Robotic exoskeletons have been heralded as the future of industry, physical rehabilitation, and geriatric assistance, but progress has been slow. That may be changing, beacause researchers from Carnegie Mellon University in Pittsburgh are developing a machine learning algorithm that enables an exoskeleton to learn how to customize its movement for each individual. It’s an exoskeleton with a brain.
“I think the applications can be really wide,” Kirby Witte, a mechanical engineer and a Ph.D. candidate at Carnegie Mellon, tells Inverse. “They can be really awesome like having someone jump real high or kick down a door, or really significant like helping someone walk after a stroke.”
Part of the problem with exoskeletons up to now has been that they were hand-tuned, with researchers taking their best guess at how they should assist people, but research published this week in the journal Science works to solve that problem.
Witte explains that exoskeletons show a lot of promise, but the models and simulations that people use to program them are insufficient compared to real human data.
“In simulation work, we expect exoskeletons to significantly reduce energy use, but they don’t. And some of the reason they don’t is because the people are poorly modeled,” Witte tells Inverse.
To test their system, the researchers put people on a treadmill. One ankle was unassisted, and the other was connected to an exoskeleton brace that would apply a torque to help propel the person’s foot forward. Initially, researchers programmed the ankle brace according to their best guess as to when it might best help a person. Subsequent tests showed that the optimal timing varied by person.
“The way we intended to assist them was that we sensed when their foot touched the ground, waited some time, and applied a peak of torque.” Witte tells Inverse. “[Optimal] timing seemed to vary but it happened a little later than we expected.” It turns out that the most effective exoskeletons should apply a force on the person they’re assisting only after they begin to push on their own.
Witte says that this technology is still a couple years away from any clinical application, largely because hospitals and clinicians aren’t equipped with the right hardware and testing apparatus to use their algorithm in a meaningful way. However, Witte expects that her research would prove useful to people in physical therapy.
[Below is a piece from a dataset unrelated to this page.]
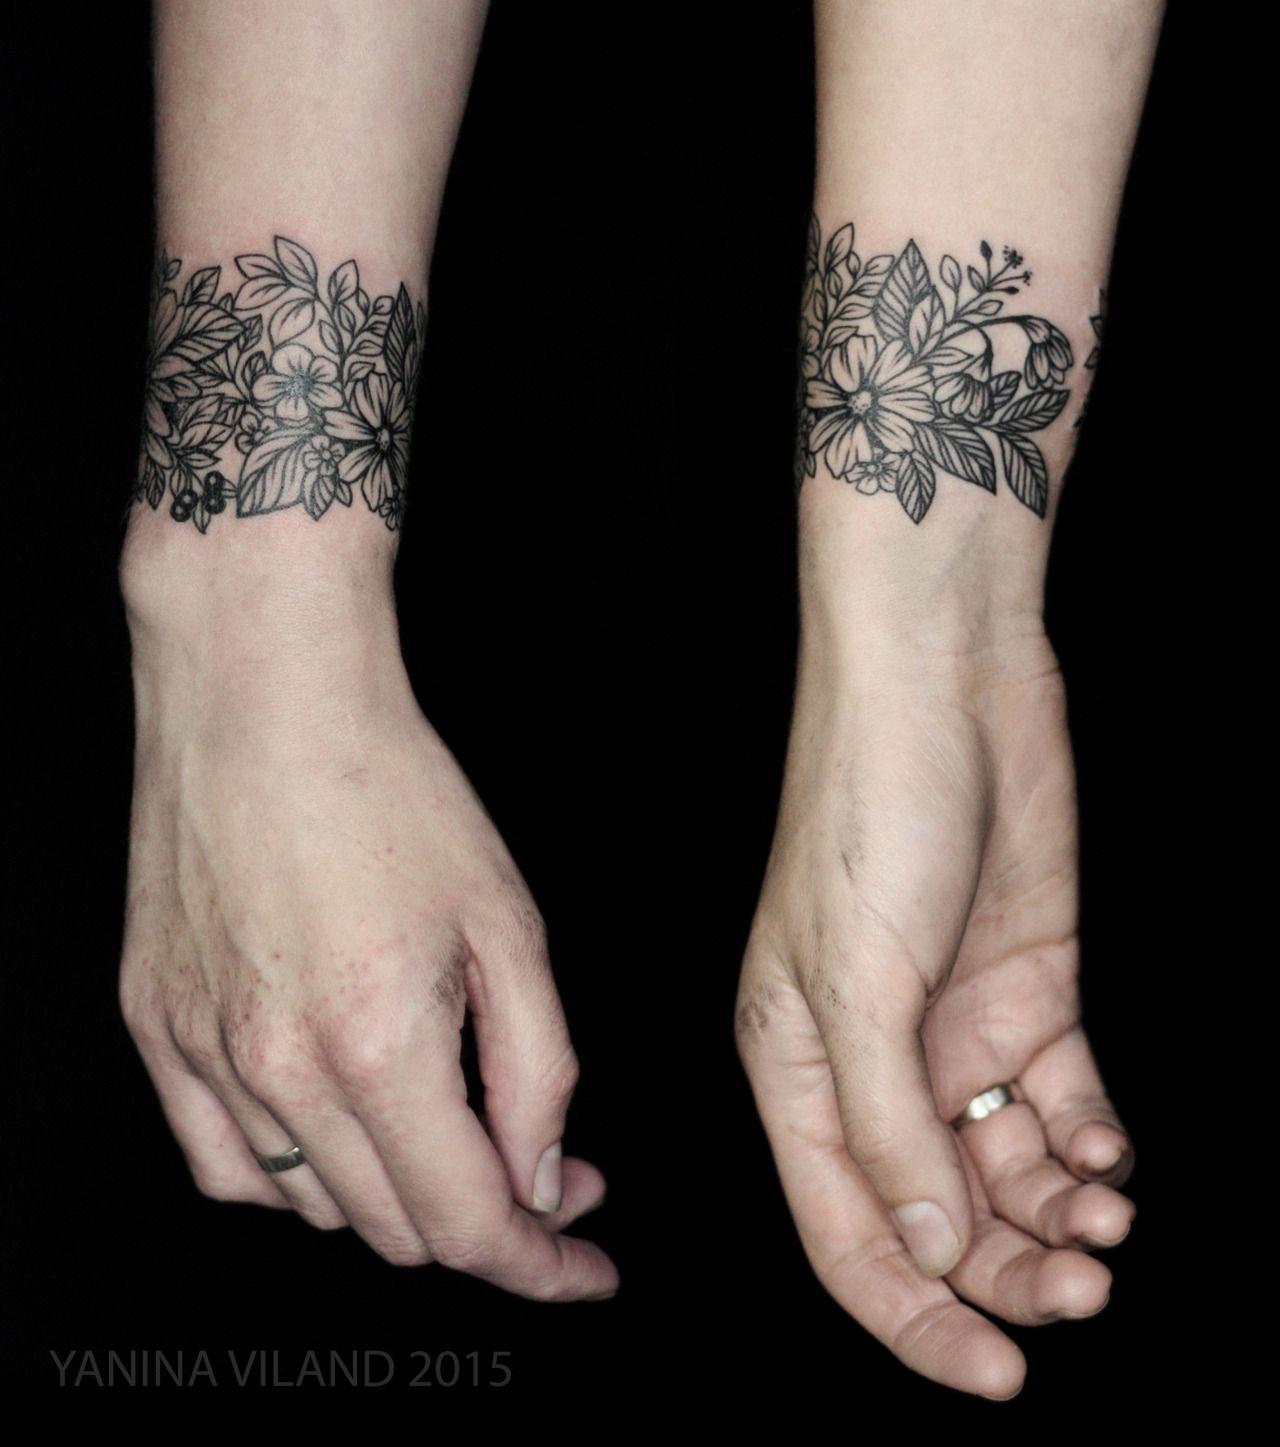 Yanina viland tattoo pinterest posts and tattoos and body art

This research on energy reduction while walking is more of a test run for the algorithm, Witte says. Beyond that, a machine learning algorithm like hers could be used for any sort of human-robot interface.
Exoskeletons and active prostheses promise to enhance human mobility, but few have succeeded. Optimizing device characteristics on the basis of measured human performance could lead to improved designs. We have developed a method for identifying the exoskeleton assistance that minimizes human energy cost during walking. Optimized torque patterns from an exoskeleton worn on one ankle reduced metabolic energy consumption by 24.2 ± 7.4% compared to no torque. The approach was effective with exoskeletons worn on one or both ankles, during a variety of walking conditions, during running, and when optimizing muscle activity. Finding a good generic assistance pattern, customizing it to individual needs, and helping users learn to take advantage of the device all contributed to improved economy. Optimization methods with these features can substantially improve performance.